Dravet syndrome is a catastrophic, pharmacoresistant epileptic encephalopathy. Disease onset occurs in the first year of life, followed by developmental delay with cognitive and behavioral dysfunction and substantially elevated risk of premature death. The majority of affected individuals harbor a loss-of-function mutation in one allele of SCN1A, which encodes the voltage-gated sodium channel NaV1.1. Brain NaV1.1 is primarily localized to fast-spiking inhibitory interneurons; thus the mechanism of epileptogenesis in Dravet syndrome is hypothesized to be reduced inhibitory neurotransmission leading to brain hyperexcitability. We show that selective activation of NaV1.1 by venom peptide Hm1a restores the function of inhibitory interneurons from Dravet syndrome mice without affecting the firing of excitatory neurons. Intracerebroventricular infusion of Hm1a rescues Dravet syndrome mice from seizures and premature death. This precision medicine approach, which specifically targets the molecular deficit in Dravet syndrome, presents an opportunity for treatment of this intractable epilepsy.

Synthesis, folding, structure and activity of a predicted peptide from the sea anemone Oulactis sp. with an ShKT fold.
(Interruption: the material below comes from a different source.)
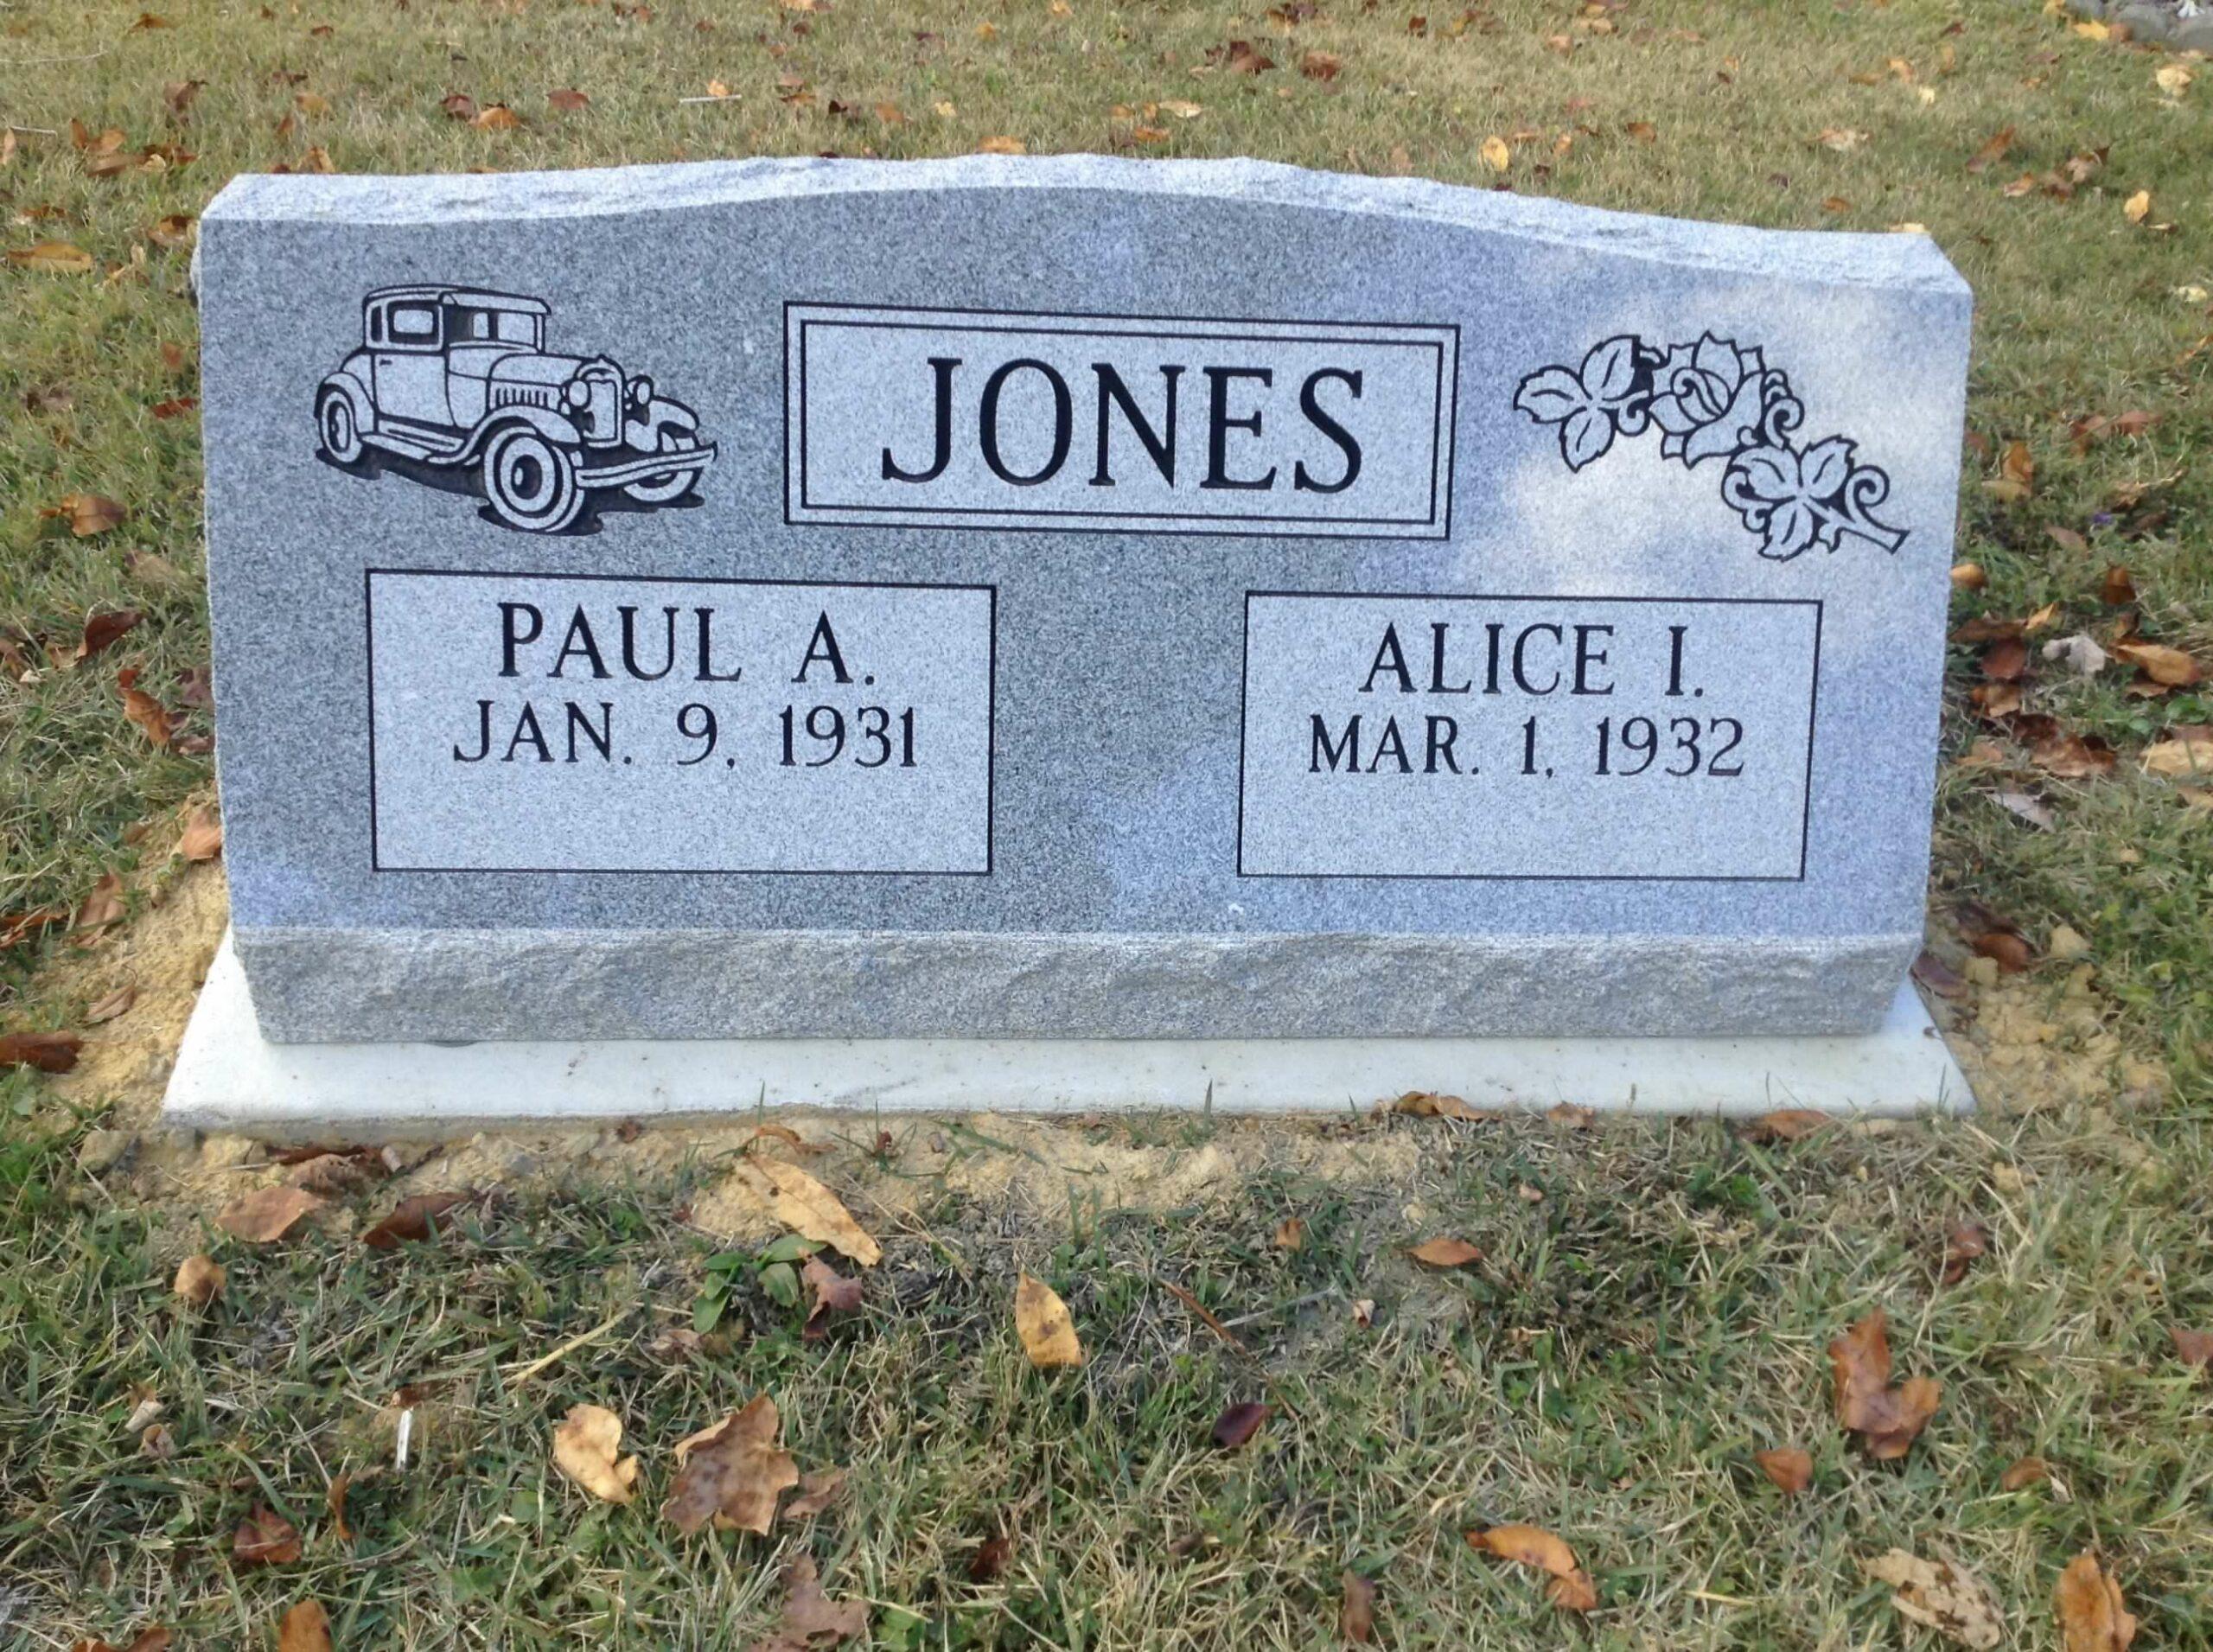 Jones, Paul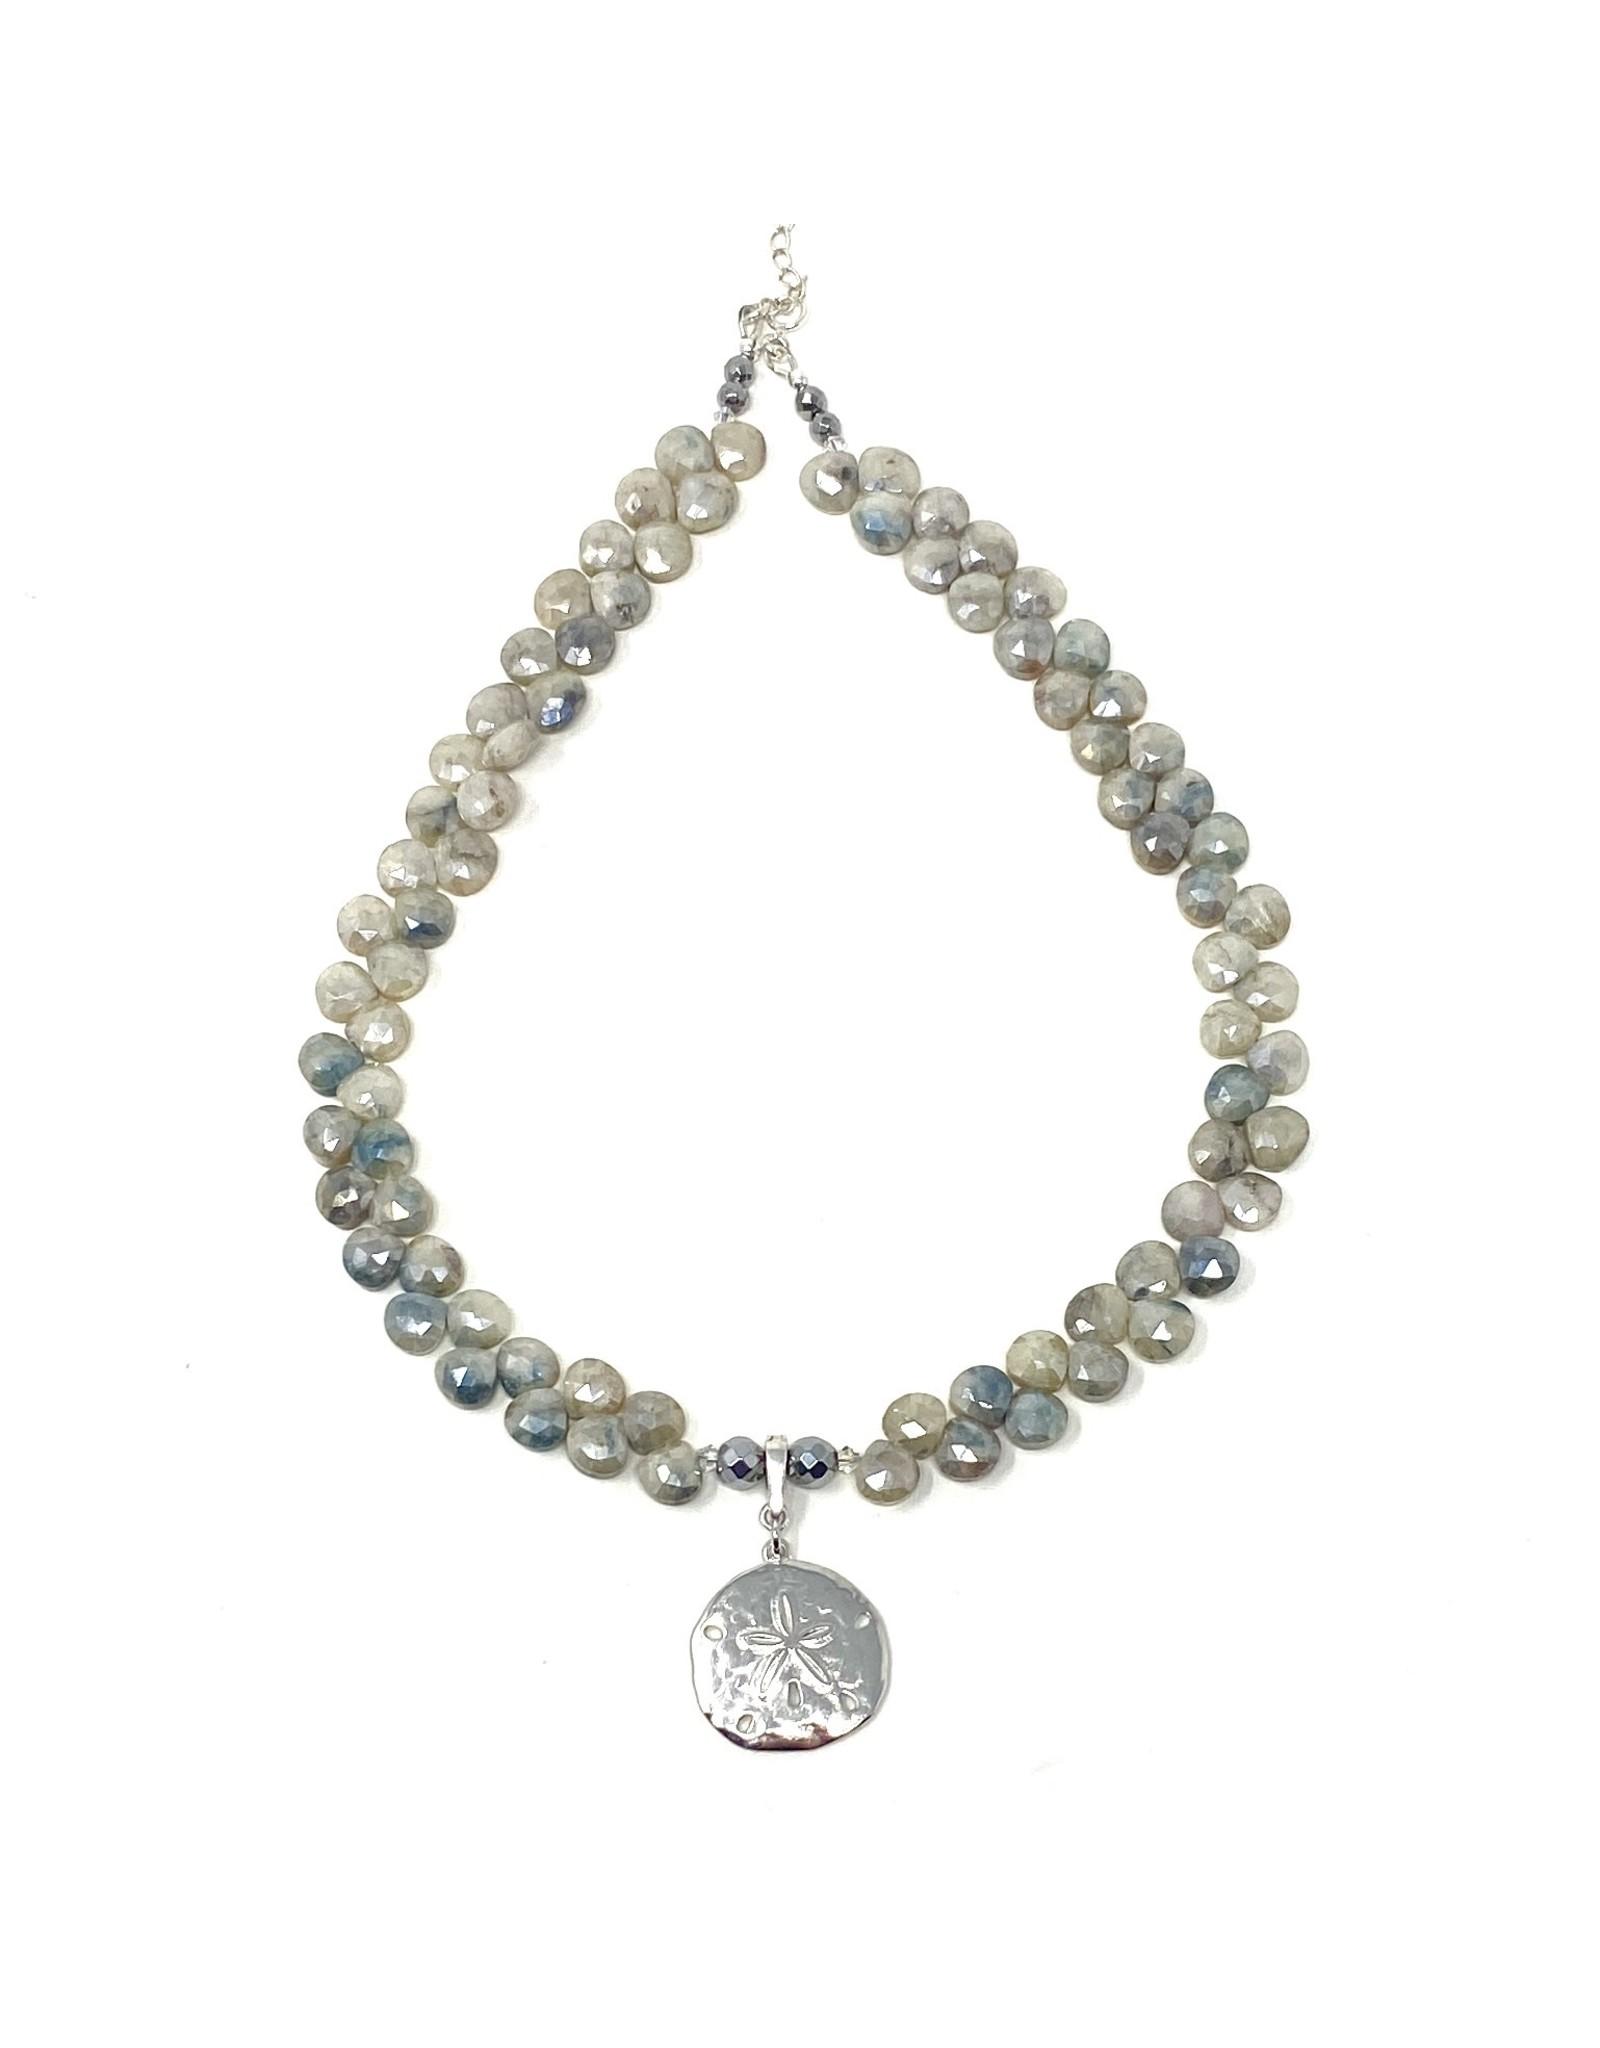 Briolette Silverite Necklace

Sea anemone venom is rich in bioactive compounds, including peptides containing multiple disulfide bridges. In a transcriptomic study on Oulactis sp., we identified the putative 36-residue peptide, OspTx2b, which is an isoform of the KV channel blocker OspTx2a (Sunanda P et al. [2018] Identification, chemical synthesis, structure and function of a new KV1 channel blocking peptide from Oulactis sp. Peptide Science, in press). As OspTx2b contains a ShK/BgK-like cysteine framework, with high amino acid sequence similarity to BgK, we were interested to investigate its structure and function. The solution structure of OspTx2b was determined using nuclear magnetic resonance spectroscopy. OspTx2b does indeed possess a BgK-like scaffold, with the same disulfide bond connectivities. The orientation of the Lys-Tyr dyad in OspTx2b is more similar to that in ShK than in BgK. However, it failed to show against a range of voltage-gated potassium channels in Xenopus oocytes and human T lymphocytes. OspTx2b also showed no growth inhibitory activity against several strains of bacteria and fungi. Having a BgK-like fold with the Lys-Tyr dyad but no BgK-like activity highlights the importance of key amino acid residues in BgK that are missing in OspTx2b. The lack of activity against the KV channels assessed in this study emphasises that the ShK/BgK scaffold is capable of supporting functional activity beyond potassium channel blockade.